> [WHAT TO DO] Skipping any pictures, repeat exactly and only the lines from the one that holds "80aastaselt tänavakunstnikuks! Skulptor" to the last line of the material, both included.

> [MATERIAL PROVIDED]
--- START ---
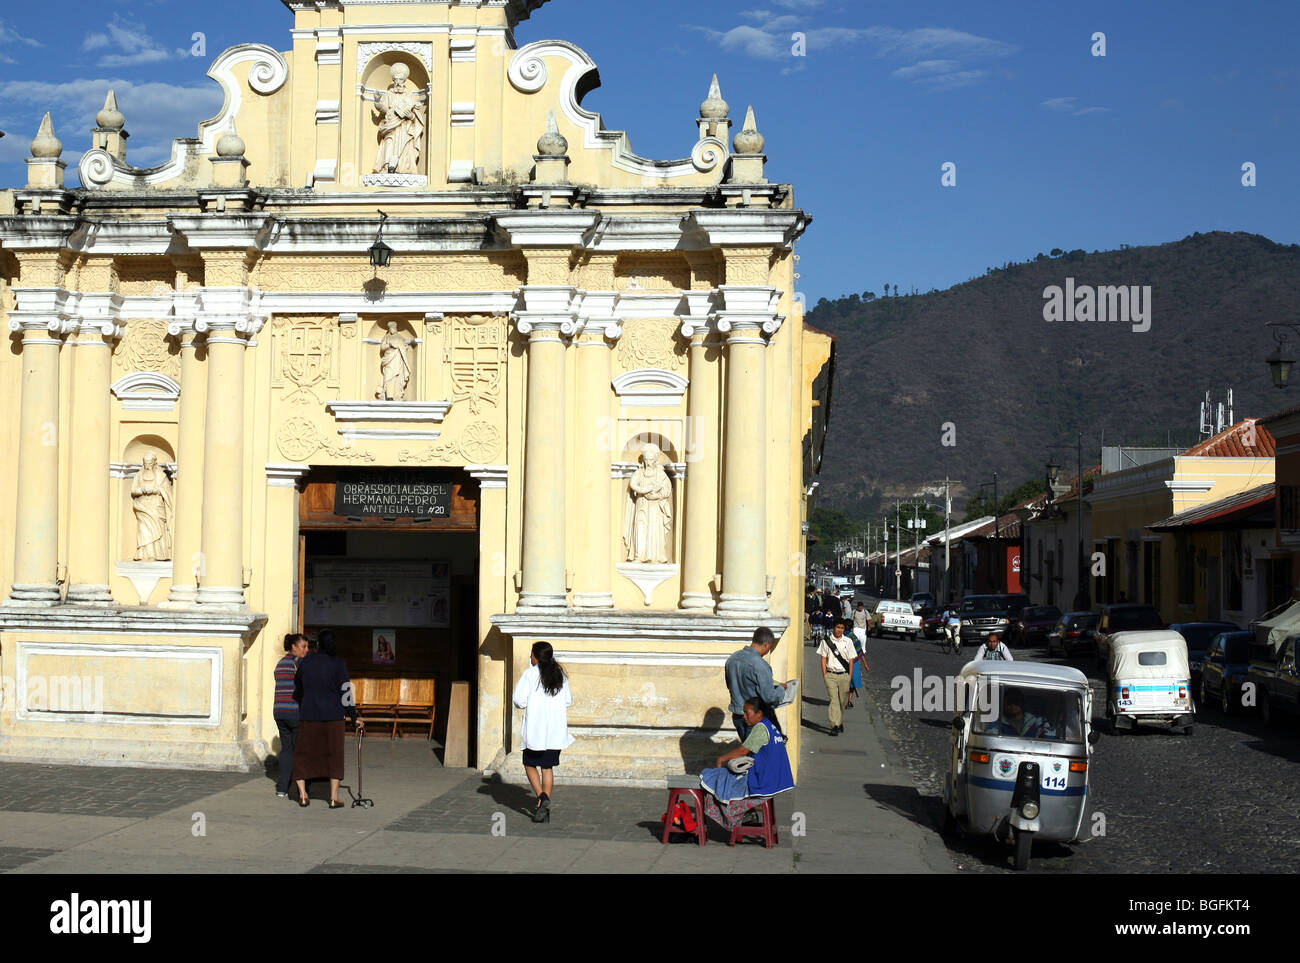 The Iglesia de Hermano Pedro. Antigua Guatemala, Guatemala, Central America Stock Photo
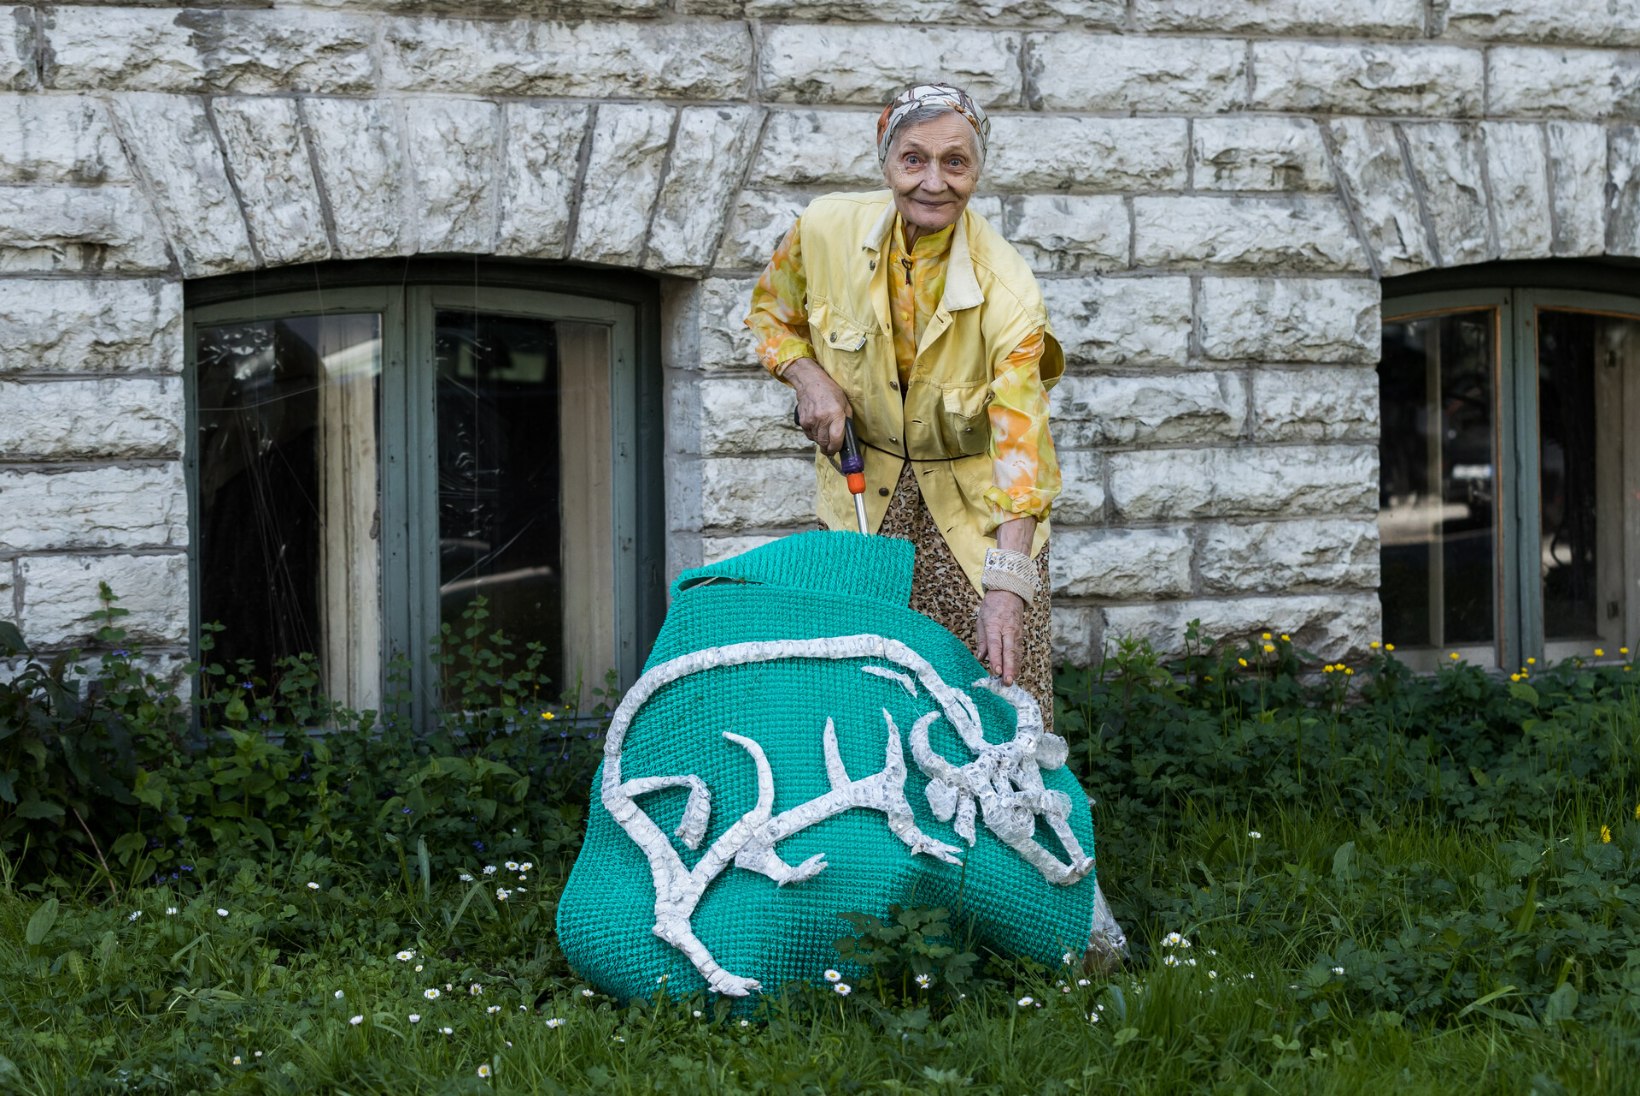 80aastaselt tänavakunstnikuks! Skulptor Johanna Ranne meisterdab igal aastal Kadrioru kortermaja ette uue taiese
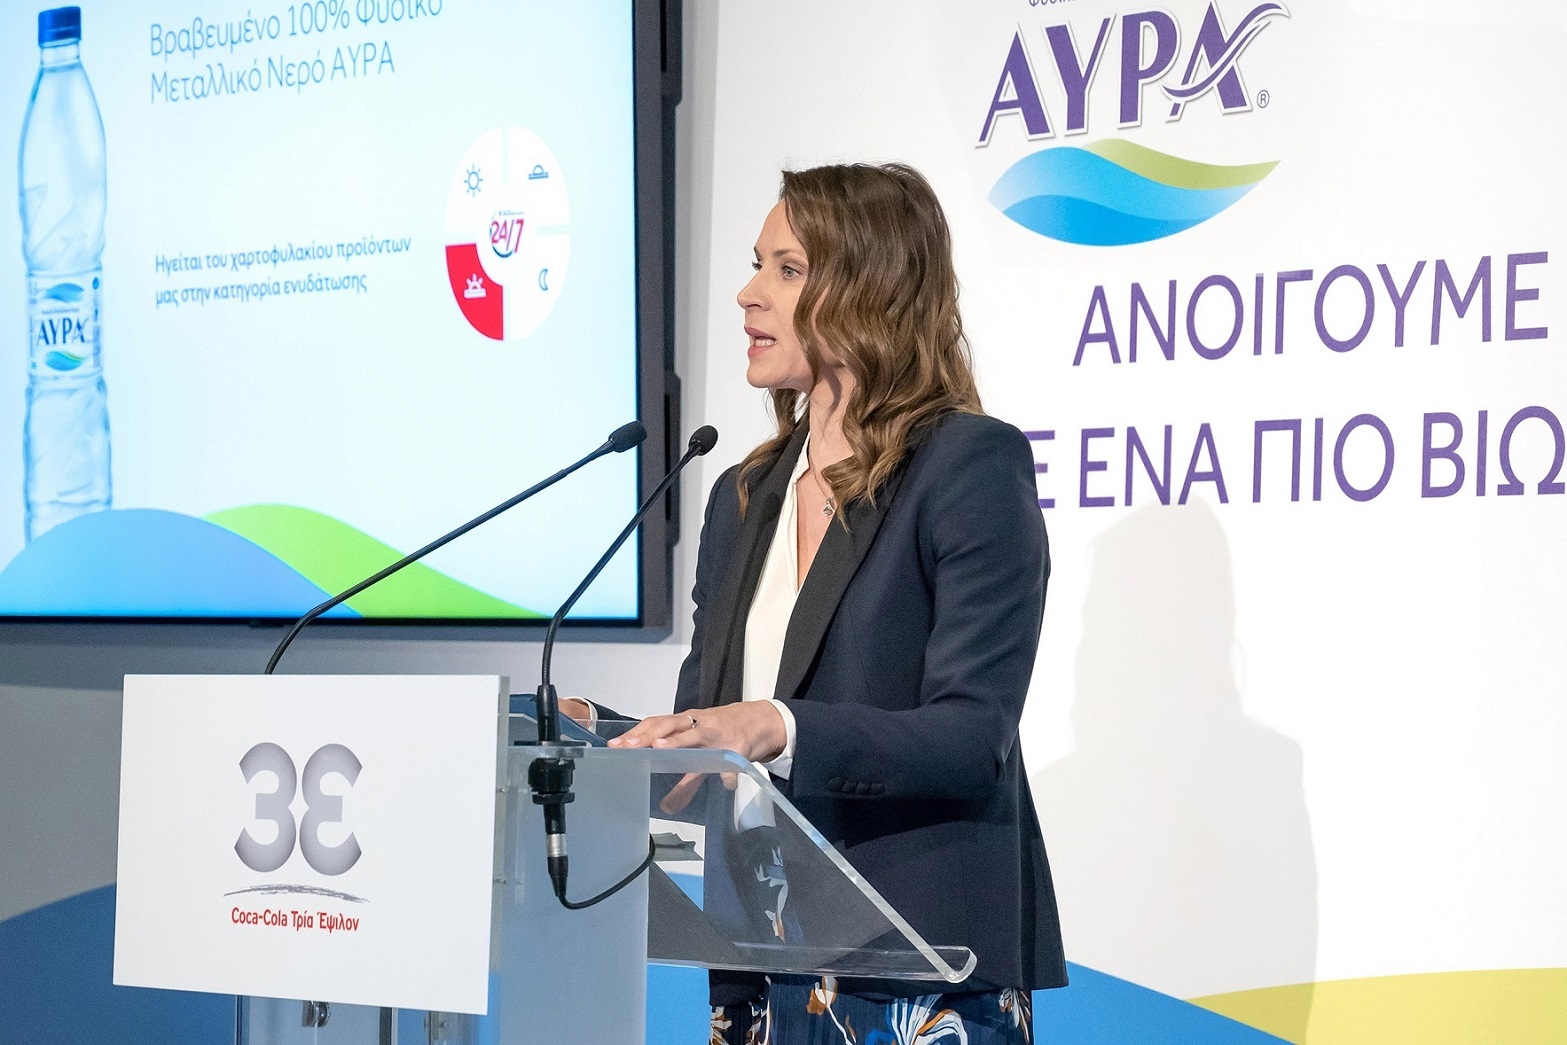 Μαρία Αναργύρου - Νίκολιτς, Γενική Διευθύντρια της Coca-Cola Τρία Έψιλον για Ελλάδα & Κύπρο
--- END ---
> [SOLUTION BELOW]
 80aastaselt tänavakunstnikuks! Skulptor Johanna Ranne meisterdab igal aastal Kadrioru kortermaja ette uue taiese
 Μαρία Αναργύρου - Νίκολιτς, Γενική Διευθύντρια της Coca-Cola Τρία Έψιλον για Ελλάδα & Κύπρο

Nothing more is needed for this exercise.